What is expected:
An exact copy of the data is required, with no pictures in it.

The data:
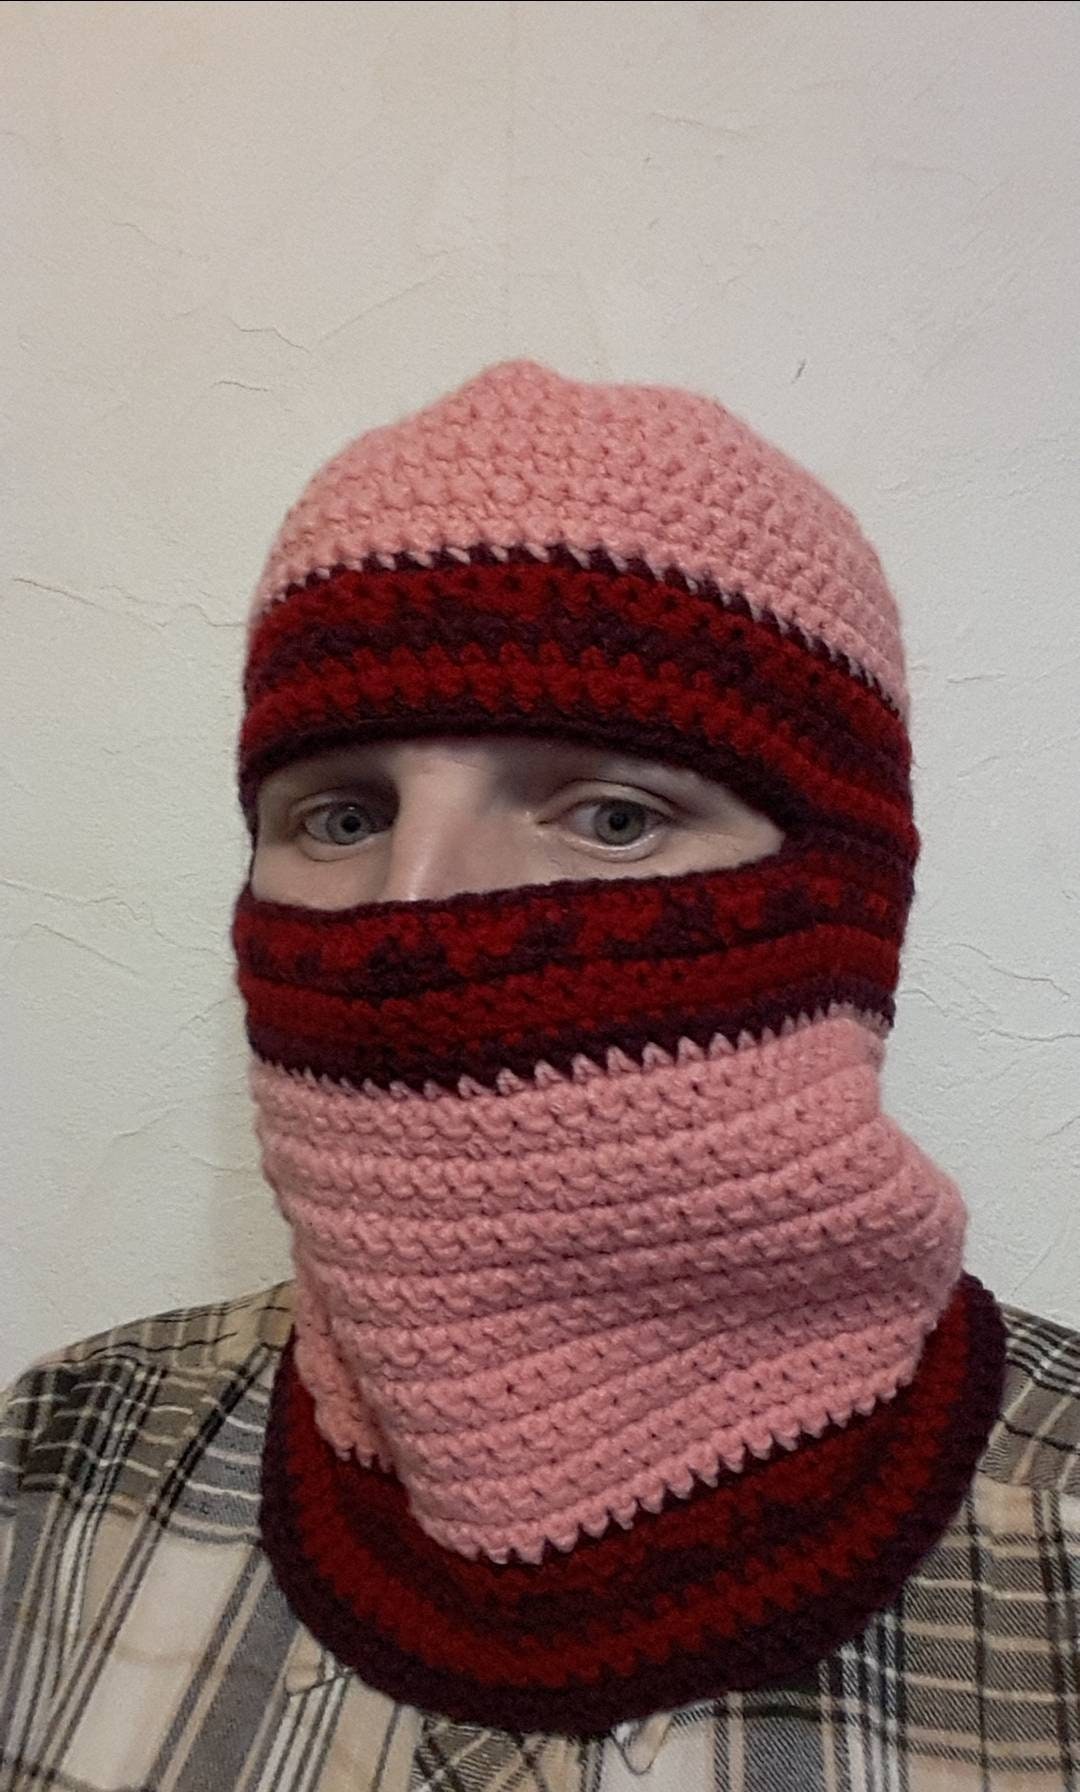 New Handknit Crocheted Wool Blend Winter Balaclava Face Mask Hat Helmet Ski Mask, Women Balaclava, Made To Order
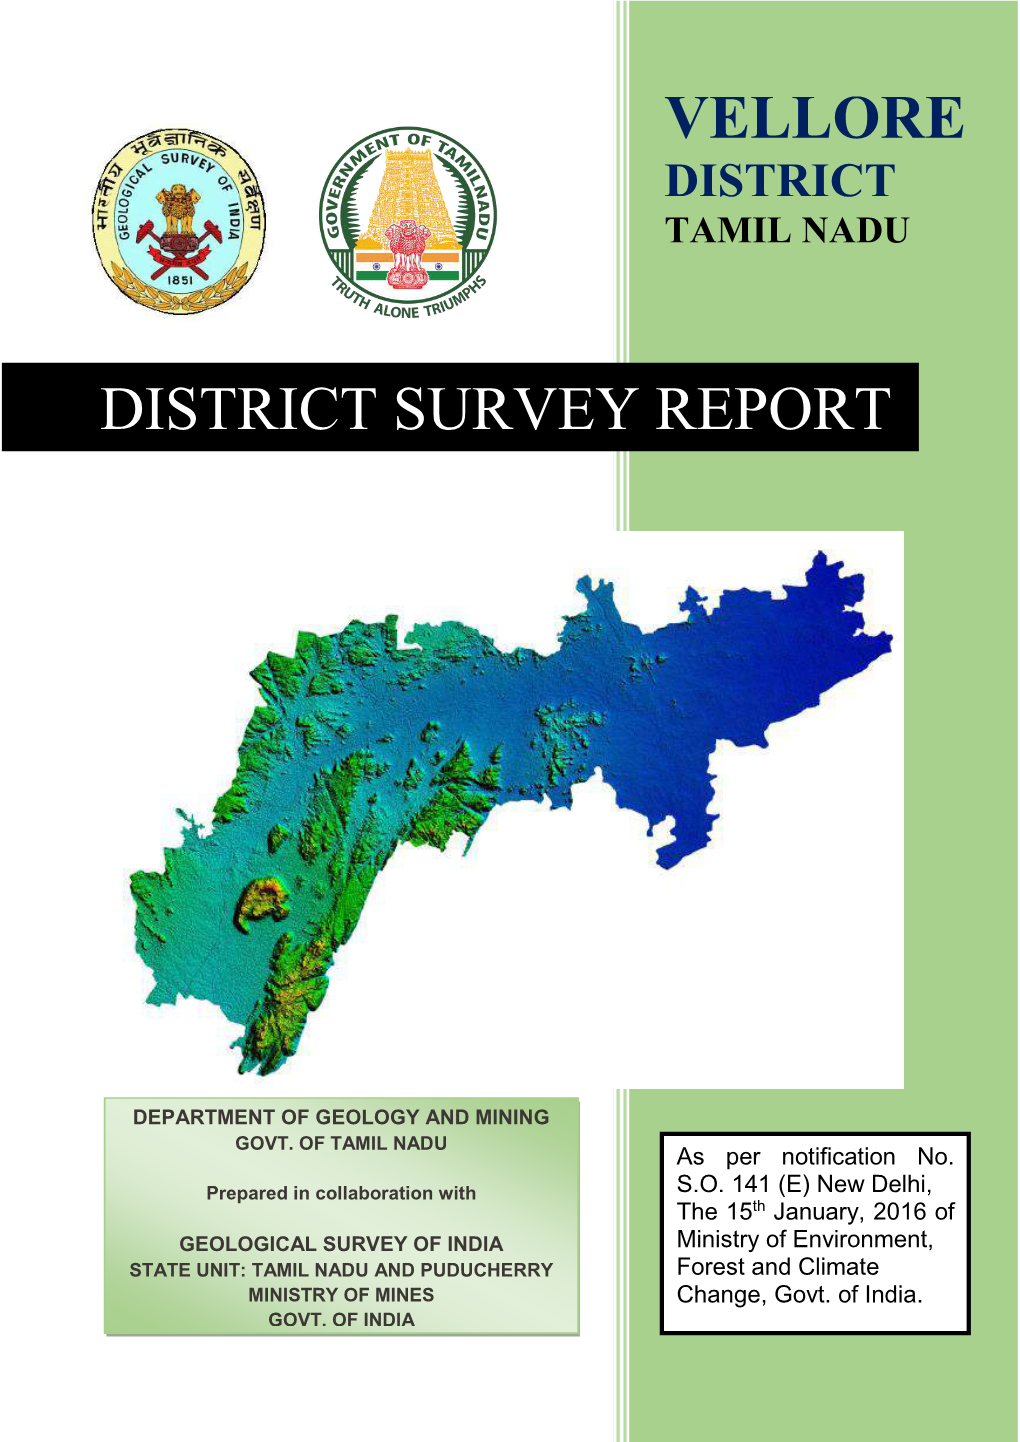 Vellore District Tamil Nadu
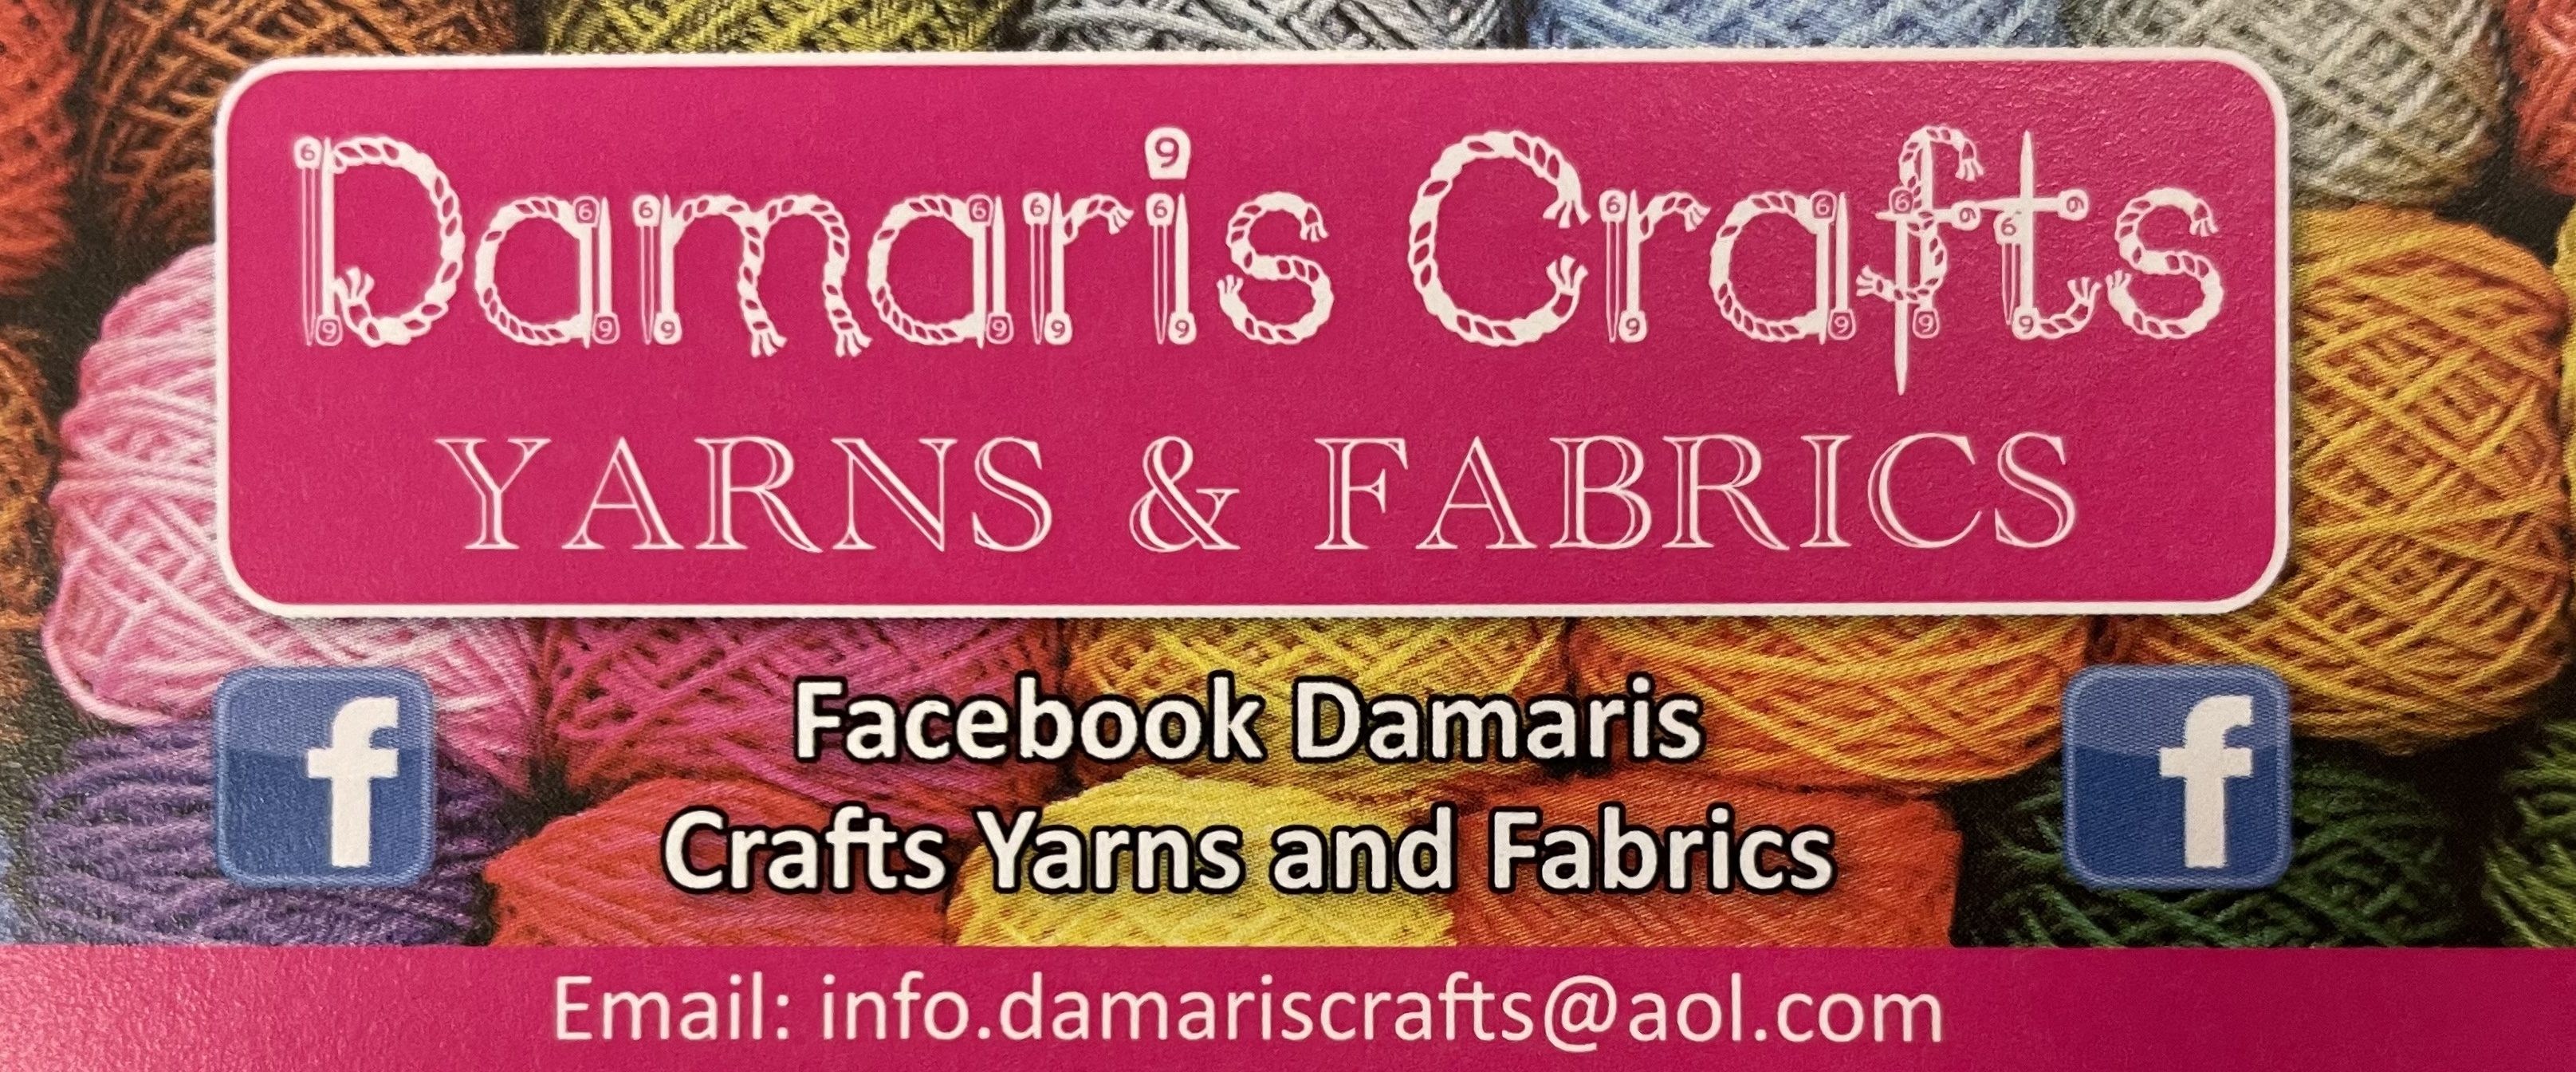 Damaris Crafts
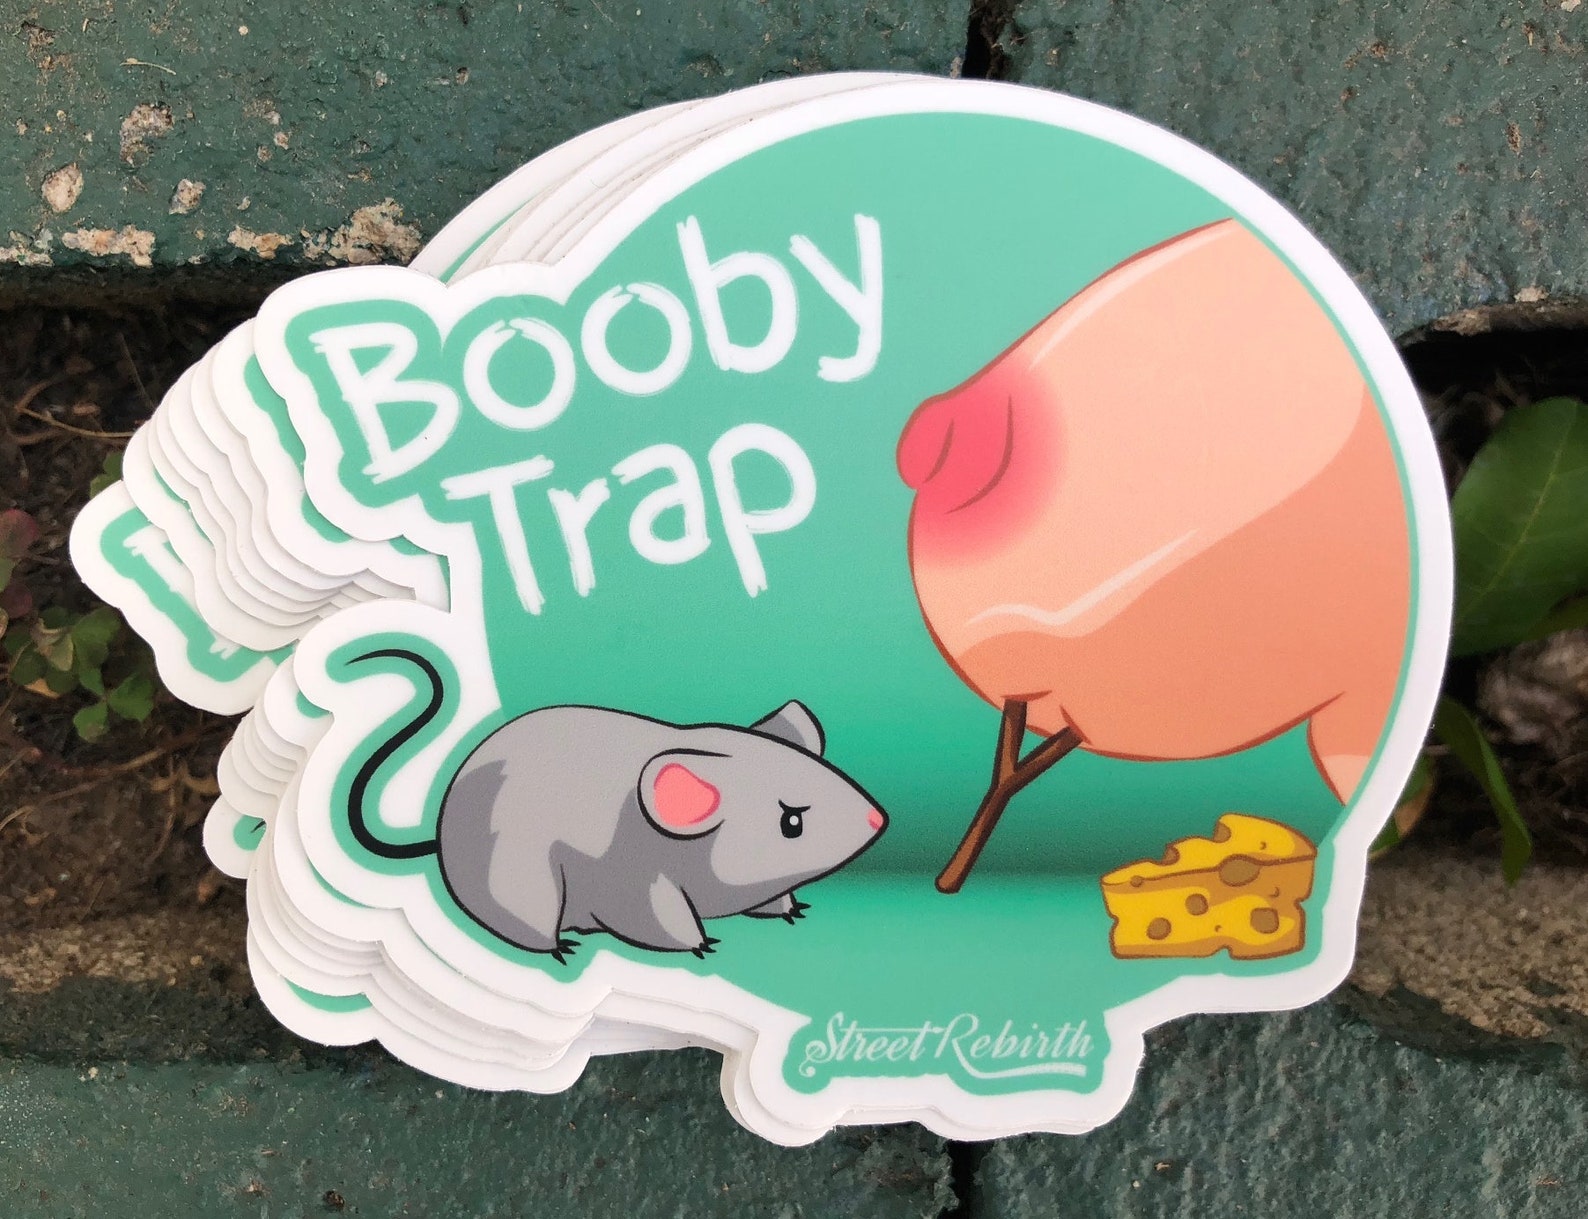 Boobie trap. Booby Trap. Bob Saget - Booby Trap. R6 Booby Trap. Трэп Стикеры.

Response area:
 New Handknit Crocheted Wool Blend Winter Balaclava Face Mask Hat Helmet Ski Mask, Women Balaclava, Made To Order
 Vellore District Tamil Nadu
 Damaris Crafts
 Boobie trap. Booby Trap. Bob Saget - Booby Trap. R6 Booby Trap. Трэп Стикеры.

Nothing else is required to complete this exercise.